Jim Baugh crusades for a cause that could curb the current health care crisis and reverse the “inactivity pandemic” plaguing the nation’s children.
The former president of Wilson Sporting Goods retired a decade ago yet he continues to clock in 12-hour days and travel the country continually to meet with backers of his charity. A former athlete, he has a passion for promoting physical activity among America’s youth.
“Sports have been a big part of my life,” says Jim Baugh, founder of PHIT (Personal Health Investment Today) America, a national non-profit working to reverse the “inactivity pandemic.” “I’ve always known the importance of physical education.”
Baugh says physical education in U.S. schools has deteriorated for years. He credits the sit-and-learn culture of today to 2001’s No Child Left Behind Act, which prioritized academics over physical activity.
“It’s backfired,” he says. “Let’s be real.”
The statistics speak for themselves. Recess has recessed in many schools because of lack of funds. Of the institutions that have physical education, their budgets amount to $764 annually. As a result, students are at their desks for the majority of the school day, moving an average of 23 minutes during that time.
“Educators don’t like me, but I tell the truth, and the numbers back it up,” Baugh says.
The PHIT America website is full of facts about how daily exercise improves a child’s ability to learn, and links to more than 10 studies that offer proof. And it displays a bar chart that reveals the U.S. spends more money on education than any other developed country while falling behind in math and science rankings worldwide. The man who grew up playing baseball, basketball and football, and rises at 5 a.m. to get in a 10-mile bicycle ride founded the organization to fight back.
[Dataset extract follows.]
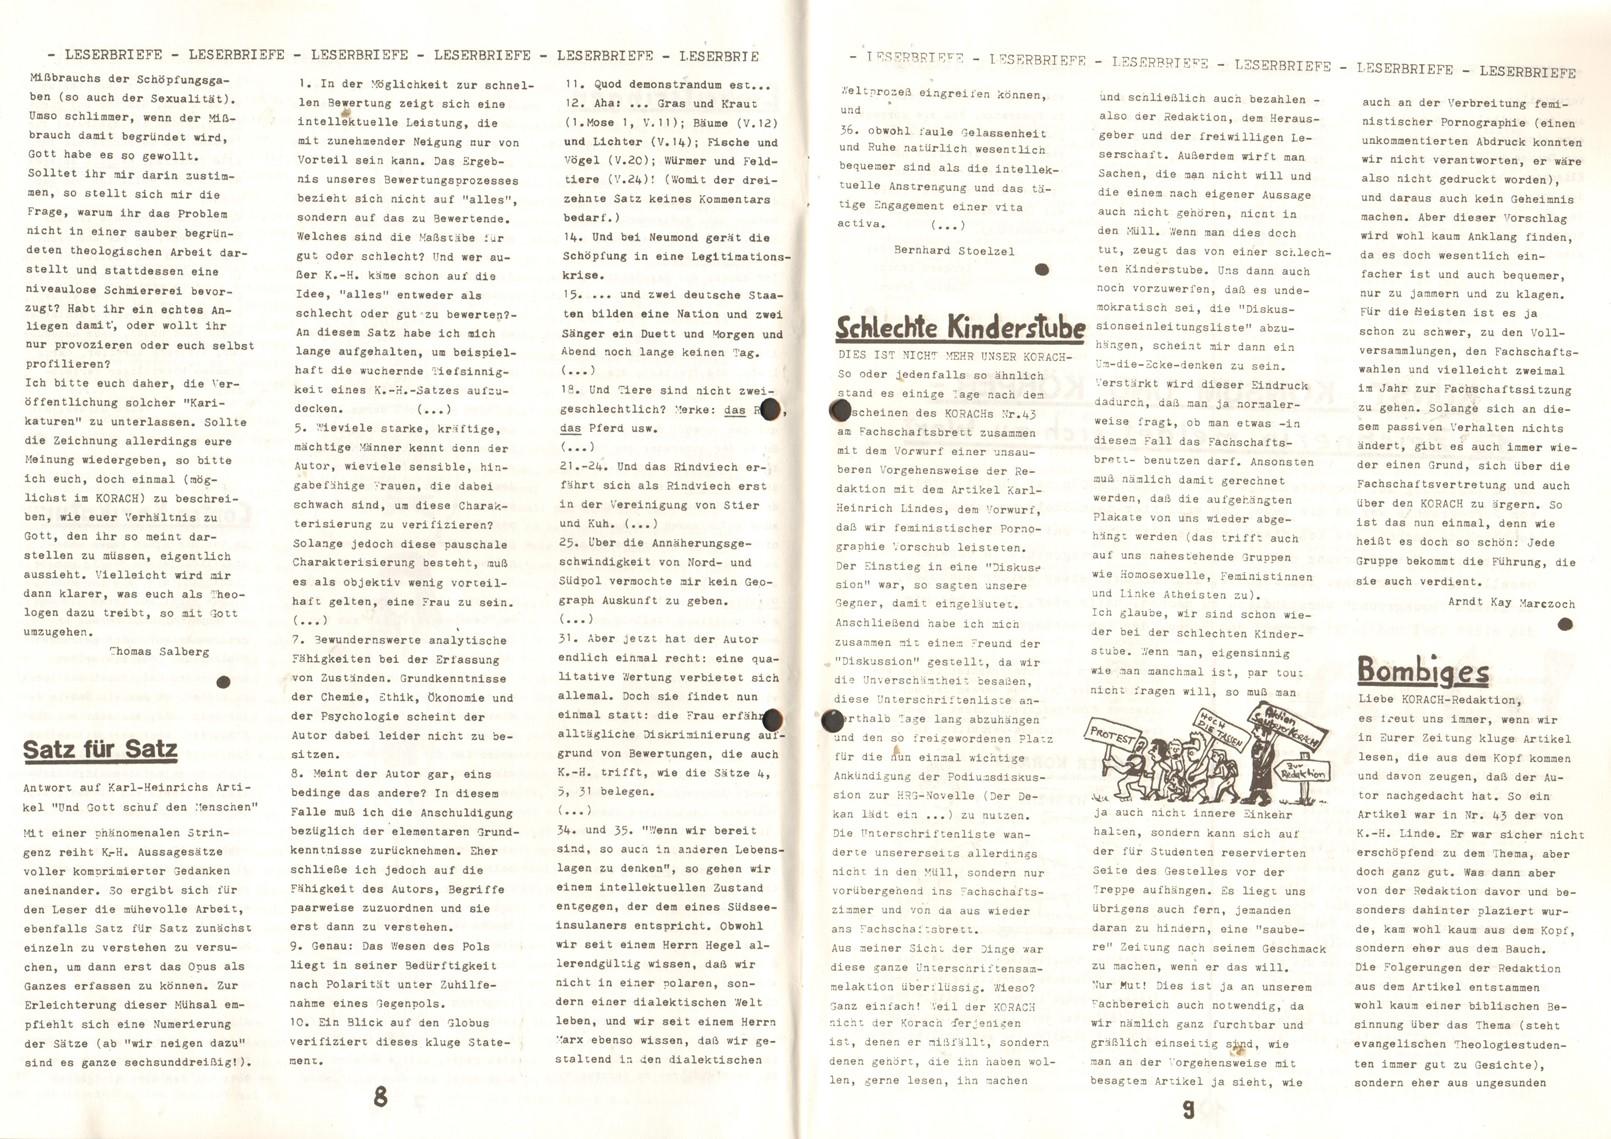 Muenster_Roter_Korach_19850400_05

“We’ve got to move,” Baugh, 65, says. “Our bodies were made to.”
He recently returned from Canada where he sealed a deal to film a documentary discussing the inactivity pandemic. The 30-minute video will include interviews with parents and teachers about the benefits of exercise on academic performance.
“America needs to hear this story,” Baugh says. “We are holding the key to the health care crisis and the education crisis in America.”
Two years after he was inducted into the Sporting Goods Industry Hall of Fame and one year before receiving the same honor in the Tennis Industry Hall of Fame, he founded PHIT America out of his Jupiter home with dual missions of advocacy and education. Since 2013, the group has garnered more than 100 corporate sponsors and given more than 150 Go! Grants to schools eager to improve their physical education programs.
“We got more than 50,000 kids active and off the couch,” Baugh says. “What we’re doing is really working.”
He has created a movement of volunteers both within and outside the sports community who realize more Americans die from physical inactivity than tobacco use.
“Sitting is the new smoking,” Baugh says, noting 5.3 million deaths occur each year from sitting versus 5 million from smoking. “This is what wakes me up in the middle of the night. This is what gets me so driven. This is about the future of our country.”